Is that book by McKnights? A guy here at work bought it and its doing the rounds at work.

heres an idea

pull a cosy 480million us dollars out of ur account, buy au dollars with that... hold onto it for a few days while it climbs. then sell sell sell

i must admit the government doesnt like what that guy did but hey, he made quite a killing

get a loan, negative gear it (has many advantages such as tax breaks) and if you buy wisely you will only have to pay a small amount each week on top of the payments. later on when ur older you be laughing. also capital gains with property now is looking positive- however i really wouldnt rely on houses doubling their value each 7 years. its may have happened in the past but prices can dramatically fall aswell.

the higher the risk, the higher the return. if you want a 100% secure investment then something like a government bond is the answer, but remember the returns aren't that great. however, after studying finance for 3 years ive found out that financial advisers are nothing but scum. they are extremely unethical and in some cases all they do is give you advice so their own personal portfolios will increase in value. the answer is to look around and do research before you invest in anything

a sort of "OK" book to read is : 0-130 properties in 3years (~something like that).. A lot of things I don't agree with but it's an OK book that gives you the basics of investing in property.

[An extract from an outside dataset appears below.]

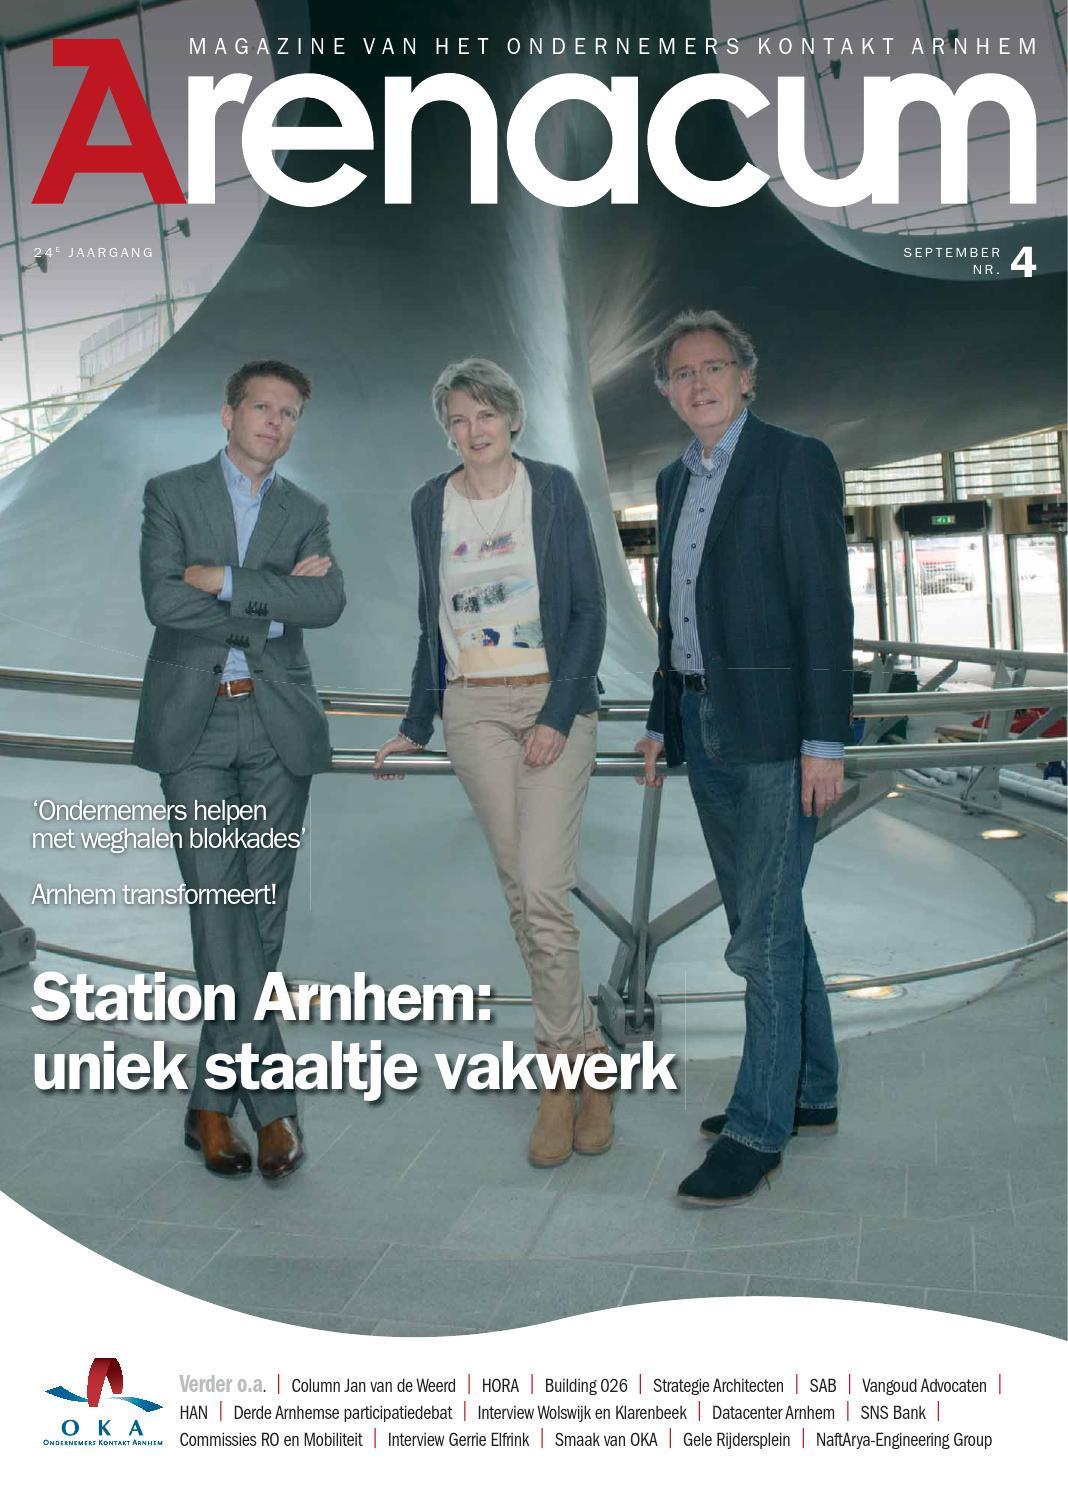 Almere in ontwikkeling by zeeman reclamegroep bv   issuu

By Steve McKnight. Reading it atm :D:P

Out of curiosity what don't you agree with?

- J.

*edited cause I was wrong*

Sorry not ING...that was what was stuck in my head...I meant Heritage National Mortgage Trust (sound the same though :() and it was 9.5% not 10%

For those that wanted to know, contact:

[email protected] or go to www.rfa.com.au

As far as I remeber it was funded through property as like most retirement villages..they get to keep the housing after the occupant dies and re-sell it onto another couple for a stupid price....the cycle repeats.

It was based on it being a secured 24 month fixed term though....6 months gave a 7.75% return.

Either way there are 100,000 better get rich quick schemes...you've just got to put in the effort and time.

By Steve McKnight. Reading it atm :(:D

Out of curiosity what don't you agree with?

- J.

Don't get me wrong, the book makes a lot of sense and he's on the money "to some extent" with the way he goes about his portfolio, I just don't agree with his choice of locations. The fact I can buy some property for a ridiculous price like $50, $90K or whatever that's located 150+K's out of the city purely for it's positively geared return and some "future boom" is "in my mind" a little silly and risky. You can source properties closer to the an established or soon to be established "so called boom" in metropolitan areas that don't have that risk associated with country locations.

To be honest the book bored the hell out me... but it's still a good read to get the basic understanding of the property market.

I think he just made some examples using country locales but then again I ain't finished with it yet. I've read a lot dryer material on the subject though :(

What other books do you recommend on the subject Mesh?

On a side note, have you read any of the stuff by Jan Somers? Interesting how she talks about negatively gearing property and how Steve (like Robert Kiyosaki) is pretty much against it. I would have thought positively geared property makes sense but you try and explain it to some people and they can't get their heads around it.

- J.

The Jake, the last book I read before that, was called "Charlottes Web" or something like that. I'm not into books, can be bothered sitting in one spot for too long... and don't believe everything I read either. Unfortunately the world we live in everyone has an alterative motive, book or not. So I guess most of what knowledge we have is based on others failure's and sucess, the opinions of professionals we pay and then we make an educated decision on what path we take.

thankyou merlin! much appreciated,the somersoft link is wonderfull.

im 19 i have quit my dream (training as a pro golfer) and im about to sell my car and into property investing, obviously there are a million questions running through my head, and i am currently doing alot of research. planning etc...

this site seems great for help and advice so thanks for the link.